Settle on ONE way of training. If you need help selecting one, check out this great analysis of the different potty training methods.  I personally like the cold turkey approach.  No diapers (except at night) and no pull ups.  Buy lots of underwear. And by lots, I mean about a dozen pair per child.  Underwear are the making of “big kids” and should be celebrated as such! Every positive potty experience should be celebrated and reinforced.

Be careful not to frustrate your twins. This isn’t a competition between them, so be careful not to make it one.  Minimize negative experiences in front of the other. 

Allow your twins to be their own person.
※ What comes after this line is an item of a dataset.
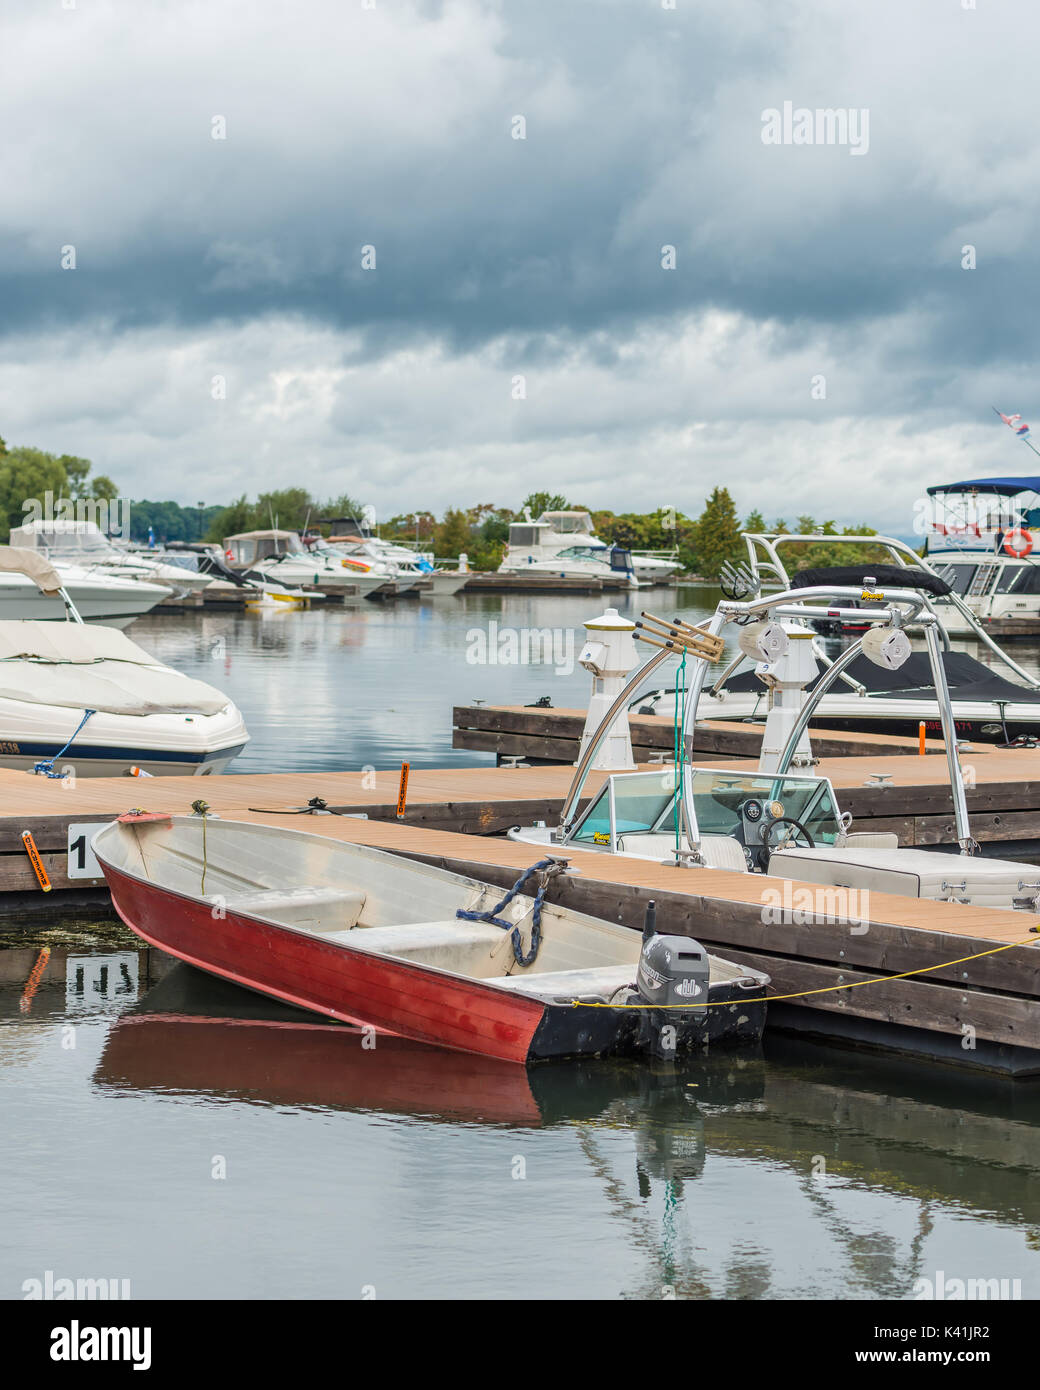 Roja pequeña lancha fuera borda está acoplado entre grandes barcos más caros en Orillia Ontario mostrando que el paseo en bote puede ser disfrutado por todos. Foto de stock

It’s quite possible one might take to pottying while the other is resistant.  Recognize their separateness even while training together.

Don’t expect the same progress at the same time with two unique people.  This will only frustrate you and them.

Duplicate everything.  Purchase two potties, two special packages of wipes, two batches of underwear (although allow each child to pick out their own favorites), and two sets of rewards. Each child needs to be recognized for their own accomplishments.

Don’t expect the kids to share potty time.  While some twins thrive on competitiveness, learning the potty is something each child should have the freedom to experience just for themselves.  Additionally, each child will probably need some “one on one” attention from Mom and Dad.

Demonstrate potty technique for children of the same gender.  Pay special attention to cleaning properly (front to back for girls) and handwashing.  Dads can teach boys how to aim and wash their hands too. 

Don’t worry if your twins are more interested in what the other is doing than they are in what you want them to do.  Twins have a unique bond with one another anyway, and the odds are they’re going to be curious about the others’ habits.  This is normal and might actually help them develop their own potty habits.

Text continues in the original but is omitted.